Мой друг, покойник (Рэ) - страница 22

Она взяла толстую руку Кавендиша.

— Сэр, — умоляюще произнесла она, — еще минутку…

— Время, — ответил Кавендиш, — полиция очень строга.

— Меня зовут Долли Натчинсон, — сказала она, — из Ковент-Гардена. Я хочу спеть для этих господ.

— Долли, — вмешался один из отвратительных манекенов, — я запрещаю вам…

— Вы не можете ничего запрещать мне, мистер Стапплби, — тем более называть меня Долли.

Ах, как она была прекрасна, эта женщина богачей.

Она запела.

Арию, в которой Баттерфляй выплакивает всю свою тоску брошенной женщины.

Маленькая любимая женщина в облаке аромата вербены…

И из громадных фиолетовых глаз потекли слезы.

* * *

Когда дверь закрылась за гуляками, Бобби Моос встал.

— Останься, — сказал Хильдесхайм.

— Хорошо, — не удивившись, согласился Бобби Моос.

Кавендиш закрыл ставни и запер дверь, но не велел им уходить. Напротив, он снова наполнил их стаканы превосходным виски, светлым, полным огня и мечты.

* * *

Группа гуляк была спасена.

Почему?

Вы скажете — магия музыки, этого голоса и фиолетовых глаза?

Я, рассказавший вам эту историю, я скажу вам — нет.
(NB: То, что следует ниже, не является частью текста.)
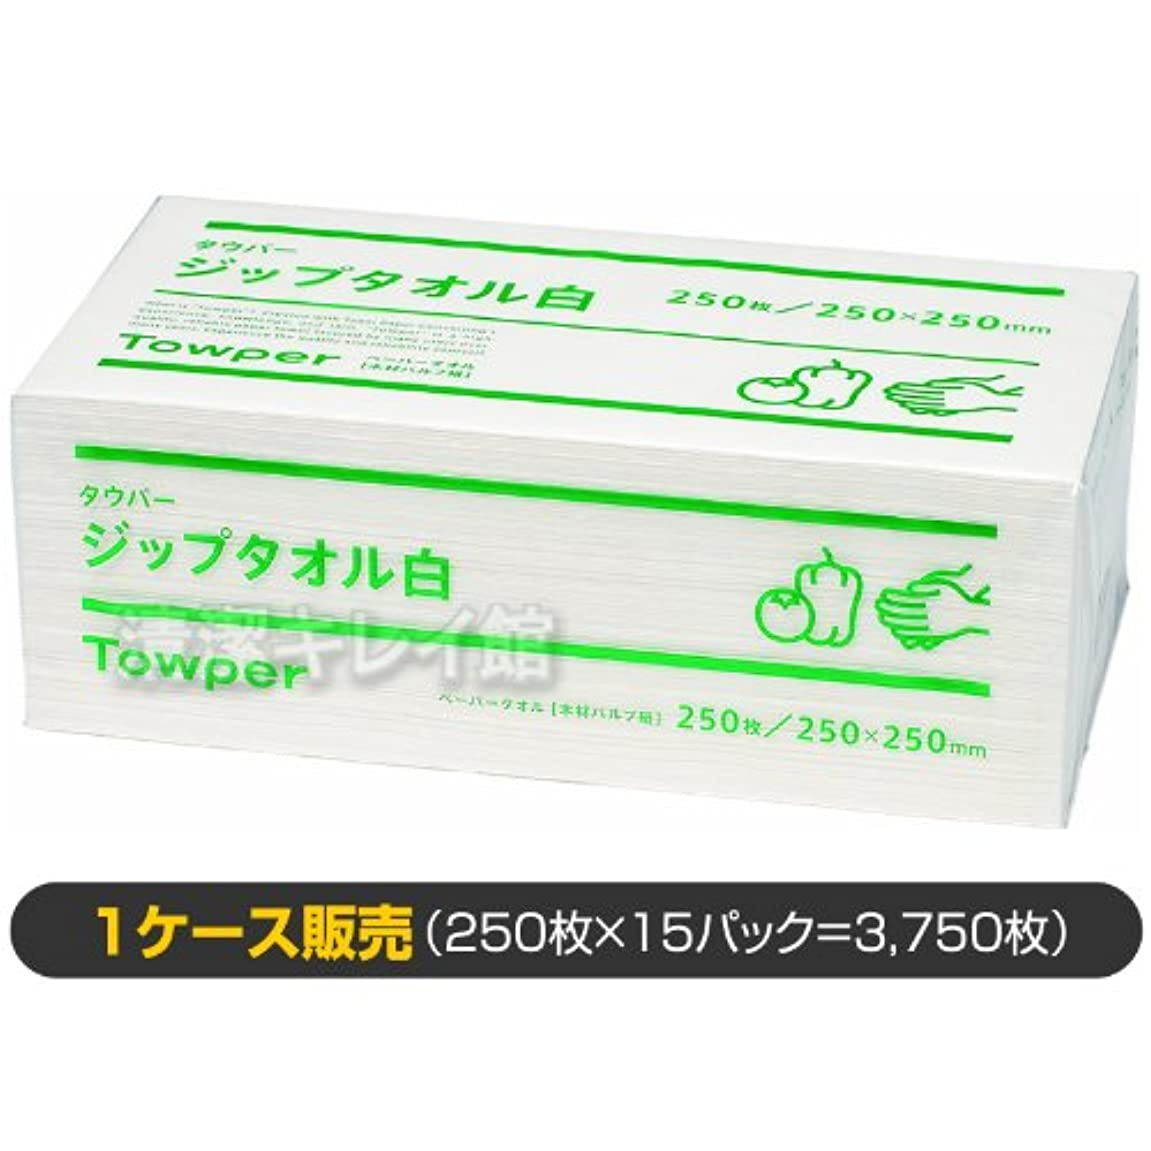 寄り添うロック良さペーパータオル ジップタオル(白) /1ケース販売(清潔キレイ館/大判サイズ用)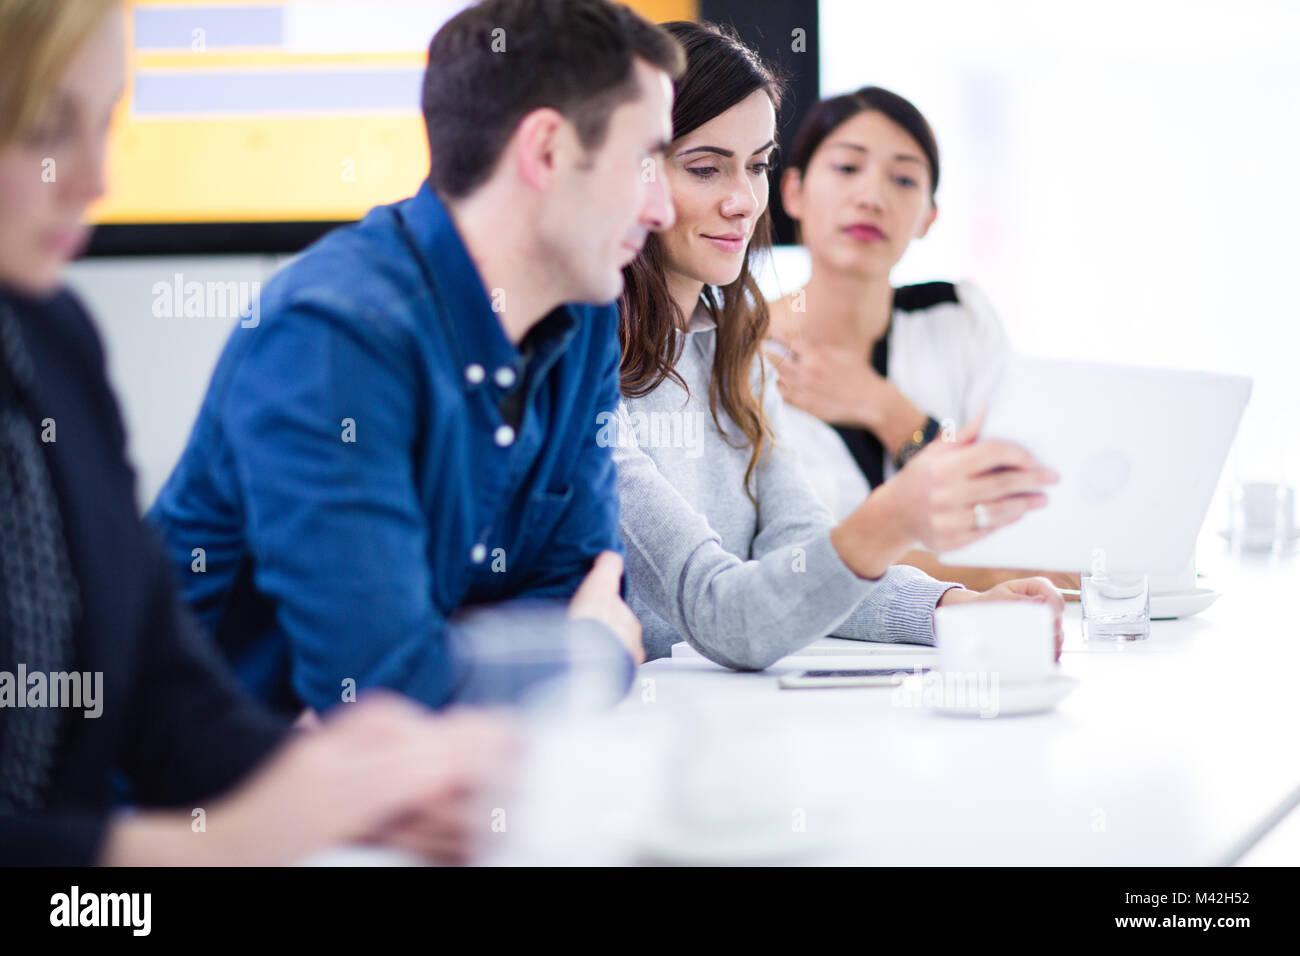 Colegas en una reunión de negocios con tecnología Imagen De Stock

Мы не из тех людей, которых волнуют красивые сентиментальности…

Если бы певица спела арию Вертера, Лоэнгрина или любую другую вещь, судьба глупцов была бы решена — какая наглость устраивать гулянки в кабаке для моряков.

Но она спела арию Баттерфляй, и сам Бог внушил и приказал ей именно ее.

Я объясняю внезапную благосклонность двух нищих проходимцев, униженных роскошью и весельем этих господ.

Стало ли в это мгновение, слишком близкое к преступлению, спасительное напоминание о гейше в слезах, ставшей вдруг маленькой-маленькой, маленькой на ржавом причале, пока судно поспешно убегало от зачарованного рейда?

Или пришли на память несчастные портовые подружки? Испанка из Лас Пальмас, которая просила помолиться за своего любовника, рыбака с Мадейры, поскольку Атлантика ревела, словно волчица; добрая марсельская подружка, которая, после горячих мгновений любви, хотела вернуть нам любовную ярость отличным огненно-перченным буйабесом; девица из Саутгемптона, которая верила, что мы привезли с Востока волшебные снадобья, могущие излечить зло, накопленное пятью поколениями бедняков, хотя мы заплатили бедняжке грубыми шутками и сушеными водорослями; голландка с тяжелыми грудями, которая отомстила ударами тяжелых сабо за нашу скупость бродячих доходяг; блондинка из Бергена, чей ангельский взгляд заставлял забыть о нескладности ее тела; гамбургская еврейка, которая бормотала длинные молитвы на дурацком еврейском языке, покоряясь нашим жалким желаниям; странная красавица Онфлера, которая требовала за свои поцелуи целой ночи утех; каирская гетера, которая умащивала свое тело росным ладаном; креолка из Рио, которая в минуты забвения пела странные ритмические песни пампасов; бедняжка из Икико, которая не сердилась на нас за то, что мы пропитали ее ложе резкими запахами нитратов и гуано; очаровательная островитянка из Папаэто, которая не хотела брать серебро, а требовала новых песен из Франции и Англии.